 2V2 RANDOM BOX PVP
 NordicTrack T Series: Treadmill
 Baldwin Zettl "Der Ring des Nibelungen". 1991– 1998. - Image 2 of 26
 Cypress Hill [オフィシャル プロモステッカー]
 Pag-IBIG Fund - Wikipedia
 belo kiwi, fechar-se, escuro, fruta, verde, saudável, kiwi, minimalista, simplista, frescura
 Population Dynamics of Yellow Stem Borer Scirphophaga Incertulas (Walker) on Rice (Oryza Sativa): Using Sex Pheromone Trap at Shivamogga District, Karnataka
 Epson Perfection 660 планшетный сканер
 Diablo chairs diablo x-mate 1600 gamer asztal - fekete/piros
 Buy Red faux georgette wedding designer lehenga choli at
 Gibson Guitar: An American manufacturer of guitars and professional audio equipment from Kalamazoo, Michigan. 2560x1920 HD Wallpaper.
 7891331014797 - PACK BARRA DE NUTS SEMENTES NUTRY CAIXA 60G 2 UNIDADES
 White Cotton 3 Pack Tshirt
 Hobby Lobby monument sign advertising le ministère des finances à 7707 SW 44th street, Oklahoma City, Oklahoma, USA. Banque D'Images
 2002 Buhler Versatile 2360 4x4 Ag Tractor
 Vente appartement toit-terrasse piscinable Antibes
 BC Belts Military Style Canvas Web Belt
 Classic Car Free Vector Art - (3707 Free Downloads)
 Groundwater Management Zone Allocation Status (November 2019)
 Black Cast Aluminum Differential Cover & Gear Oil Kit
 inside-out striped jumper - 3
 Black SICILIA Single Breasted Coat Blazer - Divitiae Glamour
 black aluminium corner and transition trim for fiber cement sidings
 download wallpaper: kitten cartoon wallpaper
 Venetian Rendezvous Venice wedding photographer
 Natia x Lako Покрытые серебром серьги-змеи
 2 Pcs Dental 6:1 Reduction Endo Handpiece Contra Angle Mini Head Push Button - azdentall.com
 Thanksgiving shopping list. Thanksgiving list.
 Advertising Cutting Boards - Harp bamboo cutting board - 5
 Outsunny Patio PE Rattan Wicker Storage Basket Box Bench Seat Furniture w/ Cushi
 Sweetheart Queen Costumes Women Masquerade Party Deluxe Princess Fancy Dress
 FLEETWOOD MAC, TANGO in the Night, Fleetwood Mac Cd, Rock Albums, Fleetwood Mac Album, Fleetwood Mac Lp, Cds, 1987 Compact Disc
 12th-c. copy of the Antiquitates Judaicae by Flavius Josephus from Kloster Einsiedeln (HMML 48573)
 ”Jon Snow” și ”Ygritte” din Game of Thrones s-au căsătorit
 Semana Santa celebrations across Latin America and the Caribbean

------------------------

Scan the listing for the string "wedding", then copy every line where it appears.

 Buy Red faux georgette wedding designer lehenga choli at
 Venetian Rendezvous Venice wedding photographer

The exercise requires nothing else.